4. The plaintiff insists that the court erred in refusing an instruction, to the effect, that if the bond was approved by the court on the fourth of August, 1885, and the defendants knew that Reid occupied the office of collector, and collected the revenues for the years 1885 and 1886, and made no objection thereto, then they are estopped from making the defense that the bond was altered by the erasure of Hailing’s name.

There is an abundance of evidence tending to establish all facts stated in this refused instruction, but there is not a word of evidence tending to show that the defendants during this time knew that Hailing’s name had been erased. The only evidence to which our attention is called is that they knew nothing about the erasure. An estoppel cannot arise until it is shown that they knew of the alteration and thereafter made no objection to the performance by Reid of official duties by virtue of having given the bond in question. No such state of facts is shown or hypothetically stated in the instruction, and it was, therefore, properly refused.
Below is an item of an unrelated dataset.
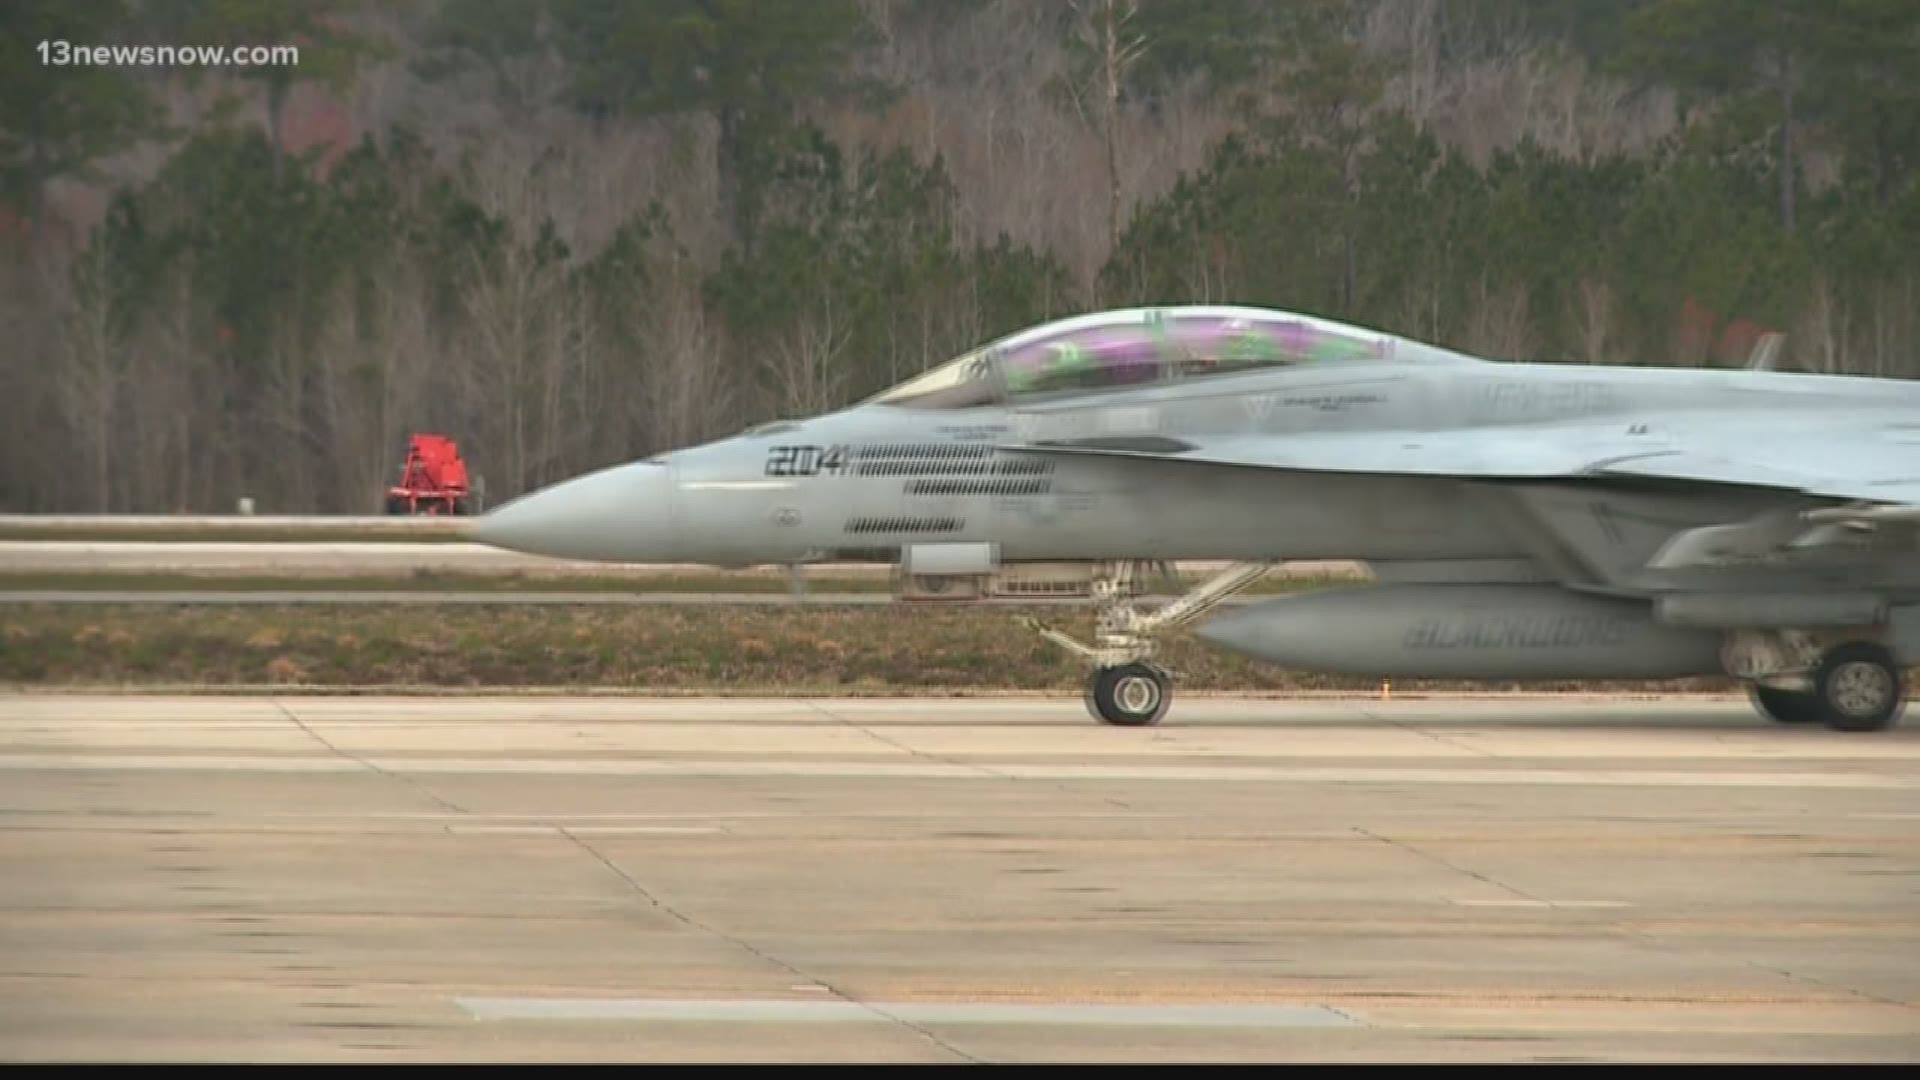 It was a bittersweet return for one local Navy Super Hornet squadron.

It is useless to notice the other minor suggestions made by the plaintiff. They do not meet the real and *368only question in this case. The case has been twice argued and we can come to no other conclusion than that before indicated. We have endeavored to lay it down as the better law, that- sureties on these official bonds ought not to be discharged until they show knowledge, on the part of the accepting officers, of a state of facts which should have precluded the acceptance of the bond, be it a conditional contract between principal and surety, or an alteration of the bond as executed by the surety. That has been done in this case. Common information, without any special knowledge of the law, ought to have told these county judges that it was an improper thing to strike off the name of one of the sureties without the consent of the other sureties.

The judgment is affirmed.

Sherwood and Bab clay, JJ., dissent; the other judges concur.